Con quella di questa sera si è conclusa la
bella 'stagione' 2007-2008 relativa alle conferenze tematiche inerenti il
pianeta rosso tenute dal dr.Guaita, il quale ha guadagnato sempre viva e
alta l'attenzione, serata dopo serata. In questa ha proposto gli ultimissimi
risultati che sono stati ricavati in base a quanto inviato a terra dalla
sonda americana Phoenix, atterrata su Marte il 25 maggio scorso; dopodichè
se ne riparlerà a settembre, quando le attività del Planetario
riprenderanno. A quel tempo la navicella avrà ormai quasi esaurito la sua
missione e si potranno delineare degli scenari probabilmente più precisi di
quanto si possa fare oggi. Comunque il fascino verso il misterioso pianeta
rosso è immutabile e ripercorrendone le vicende esplorative, cominciate nel
1965, si intuisce come la ricerca da allora abbia progredito e chiarito
taluni enigmi, sfatato delle 'leggende metropolitane', talvolta incappando
anche in clamorosi quanto imprevisti errori di valutazione, che hanno
condizionato le concezioni scientifiche per anni.
E' assai curioso
sottolineare, dice lo studioso, come su un nutrito numero di missioni tentate e avviate, soltanto
cinque navicelle si siano 'salvate' e solo due atterrate con retrorazzi; nel
2000 una sonda inviata verso il Polo Sud di Marte è sparita letteralmente
nel nulla!
L'attuale missione è
incentrata sul Polo Nord del pianeta (foto sotto):qui si ritiene che vi sia una calotta
polare di ghiaccio che dalle immagini mostra tutta la sua bellezza. Immagini
più dettagliate mostrano come il
terreno sembri percorso da coni vulcanici giovani che indicano un'attività
vulcanica (relativamente) recente; ci fanno capire che c'è stata una storia
attorno alla calotta e che si sono depositati dei sali, i solfati (che
possono essere di calcio o di ferro) ad una certa distanza dal polo stesso.

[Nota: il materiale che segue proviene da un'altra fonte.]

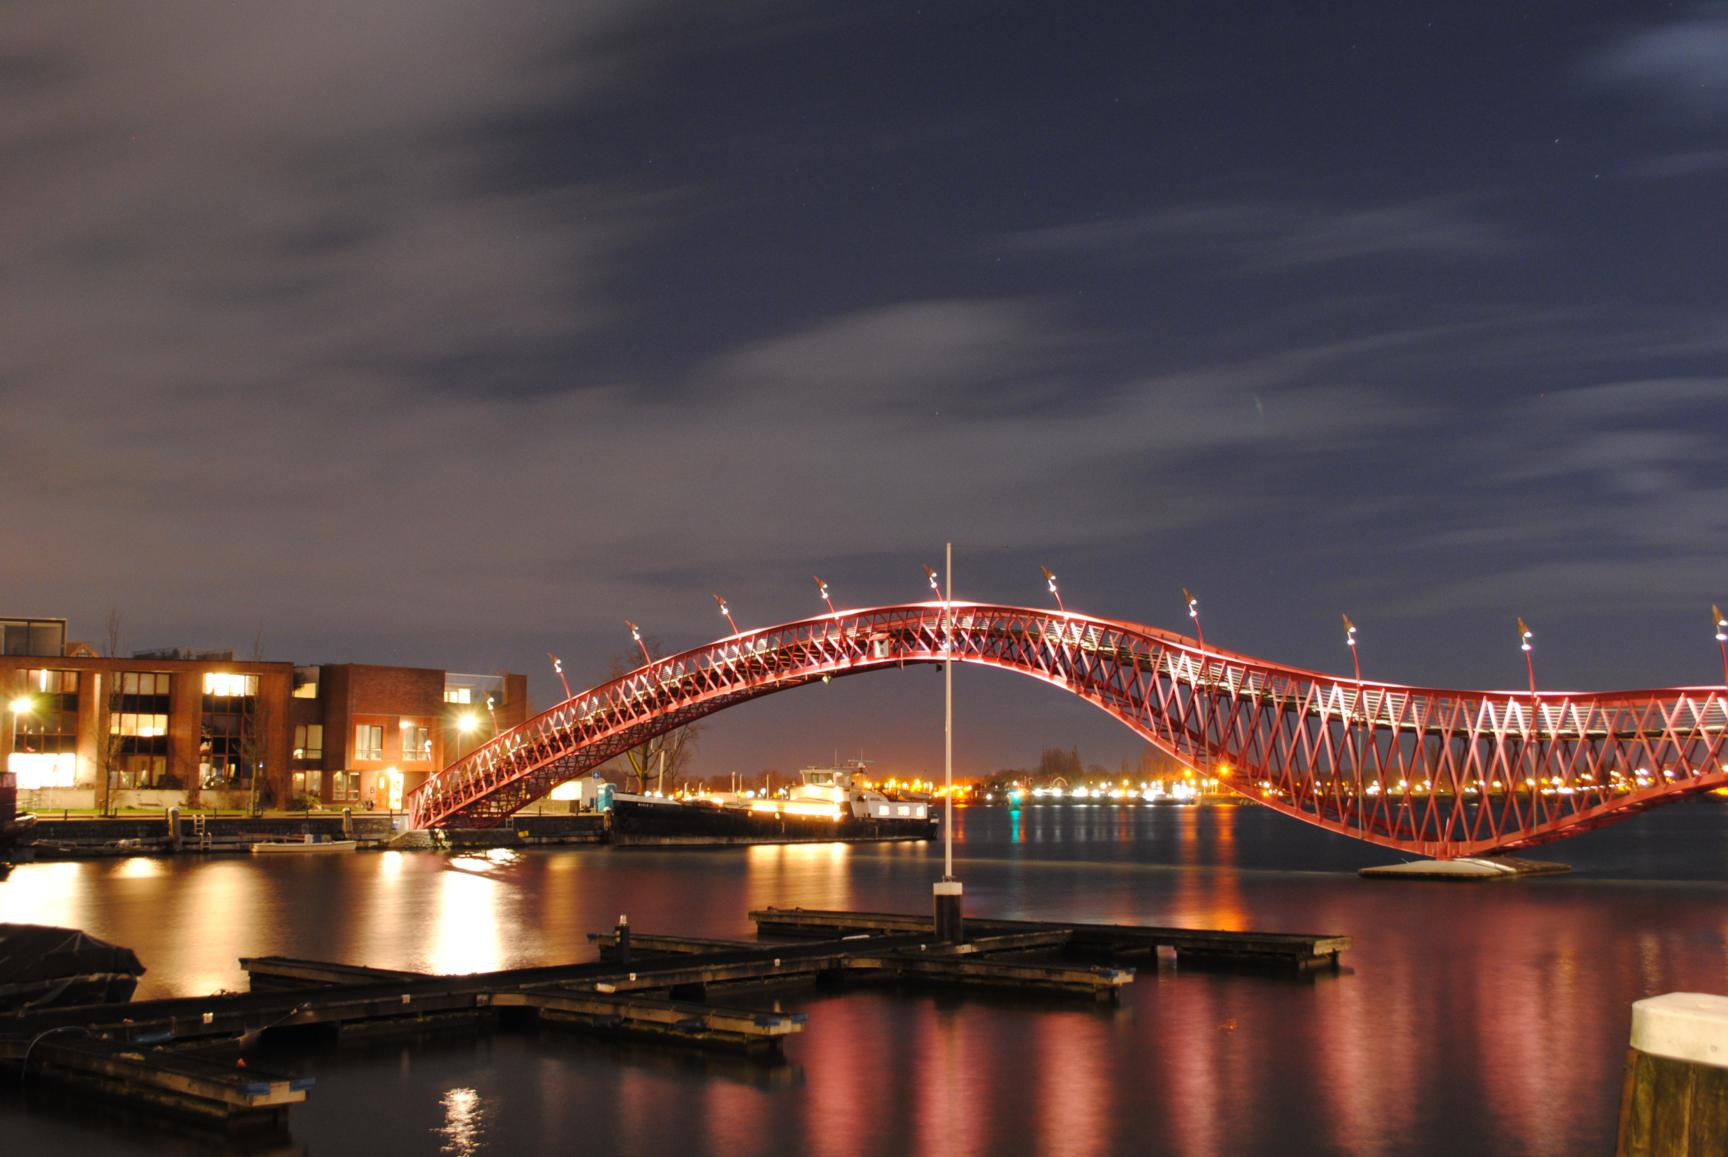 Phyton Bridge,  barrio de Borneo. Amsterdam 2015.

Dovevano essere evidentemente sciolti nell'acqua, che un tempo era liquida,
per trovarsi in quella posizione. Sotto lo strato visibile, non si sa però
cosa vi possa essere.
Il terreno che circonda il
polo nord, ha proseguito il dr.Guaita, è costituito da ghiaccio mescolato al terreno (permafrost).
Foto satellitari mostrano la situazione in inverno, con un aspetto delle
zolle 'poligonale', mentre a fine inverno il ghiaccio sembra uscire dai
'poligoni e lascia sul terreno dei solchi inequivocabili (foto sotto). Si è
appurato inoltre che la superficie di atterraggio è cosparsa di massi
erratici, della misura -cadauno - pari al duomo di Milano! La sonda ha
dovuto essere fatta scendere dove ve ne fossero di meno, cosa non semplice.

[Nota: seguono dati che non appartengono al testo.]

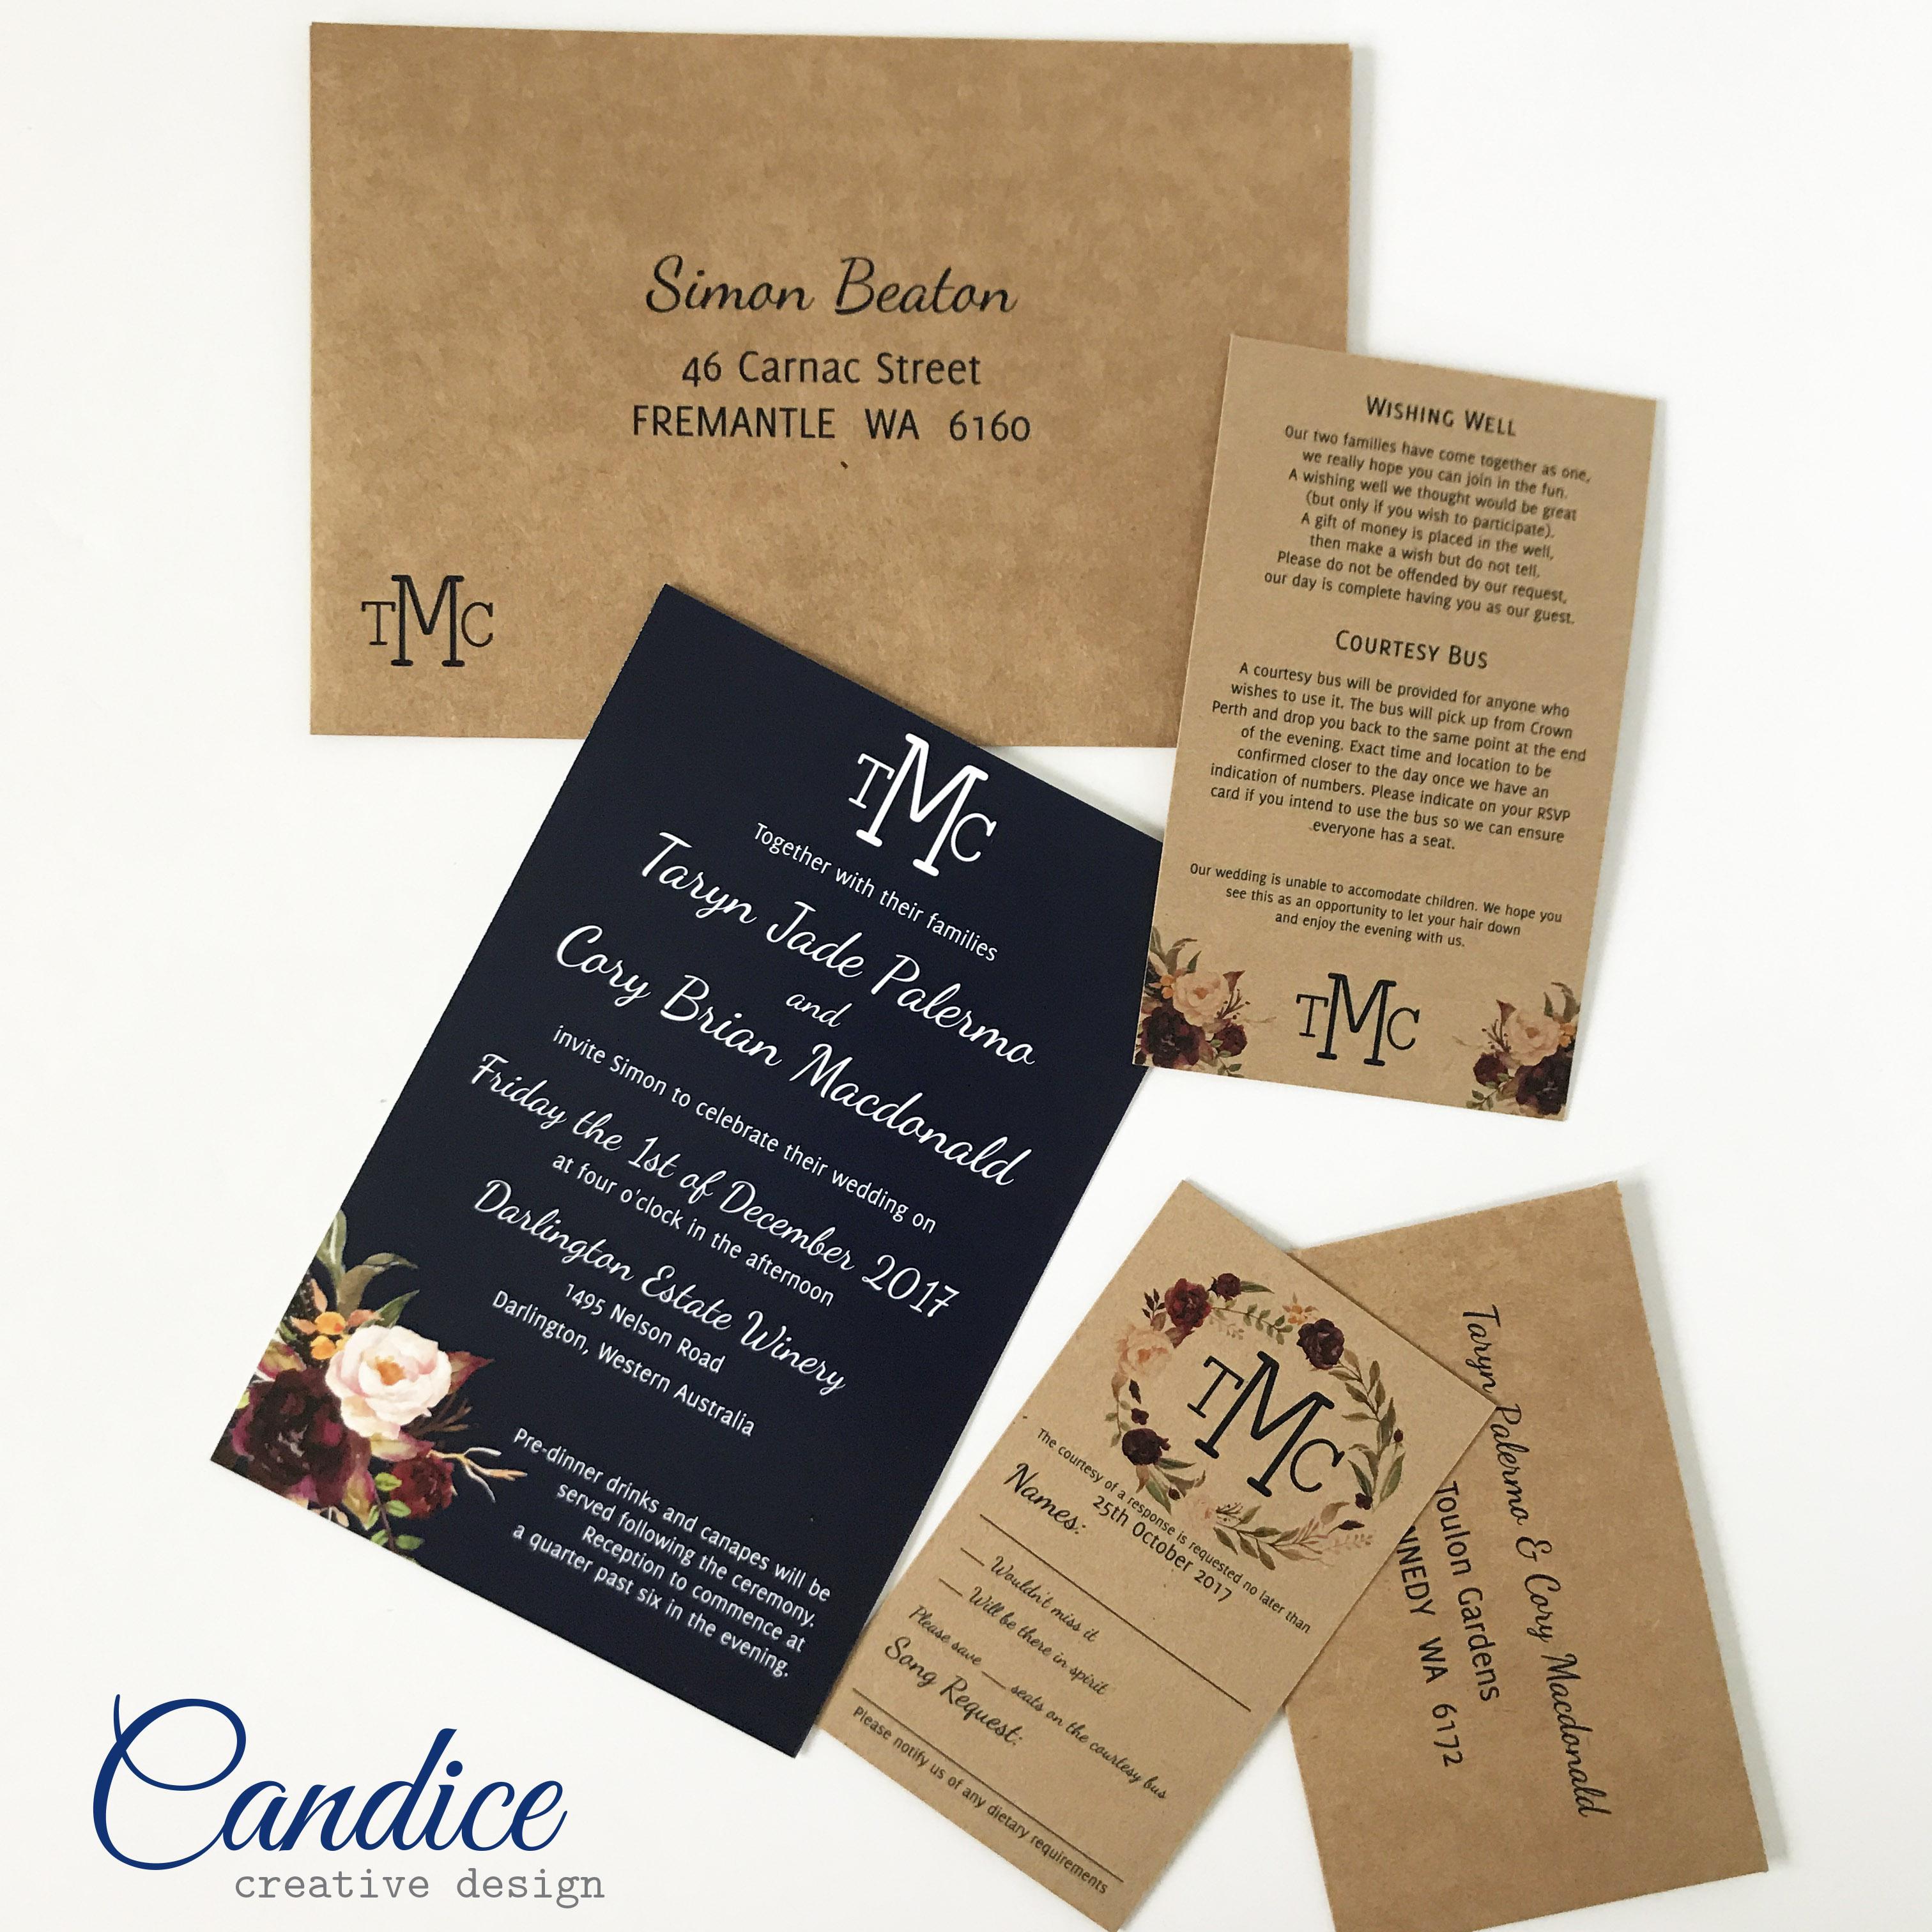 Candice creative design wedding invitations in perth western candice creative design wedding invitations in perth western australia bridestory stopboris Choice Image

La scelta è caduta sulla Green Valley; la velocità di discesa è stata
20.000 Km/h sempre sperando che lo schermo antitermico (c'è un riscaldamento
enorme in quella situazione) funzionasse a dovere. A 914 m di altezza si
sono attivati i retrorazzi per rallentare la discesa fino a 8 Km/ h. E'
stato il momento più delicato. Dalle primissime foto inviate dal computer di
bordo si è visto che nelle fessure (poligoni) di cui dicevamo poc'anzi,
c'era ghiaccio che si è sciolto perchè è inizio estate, ma ha lasciato dei
caratteristici solchi. C'era anche il pericolo che si impiantasse del
ghiaccio sotto gli ugelli di Phoenix (sul pianeta il ghiaccio sublima
evaporando perchè l'atmosfera è più bassa rispetto alla terra).
Il clima di Marte cambia,
così come sulla Terra. Si è
dovuto calcolare quale fosse il momento ideale per la missione in questione;
in questo periodo sul pianeta rosso vi è una temperatura che Phoenix è in
grado di sopportare, tra - 26° C e - 82°C. Ma quando sopraggiungerà
l'inverno marziano, smetterà di funzionare. Ogni due anni, inoltre, Marte si
viene a trovare in posizione più prossima alla terra e bisognava
sfruttare questa circostanza.
Ma perchè si è tornati
ancora sul suolo marziano? Cosa si cerca? Cosa dovrà fare Phoenix?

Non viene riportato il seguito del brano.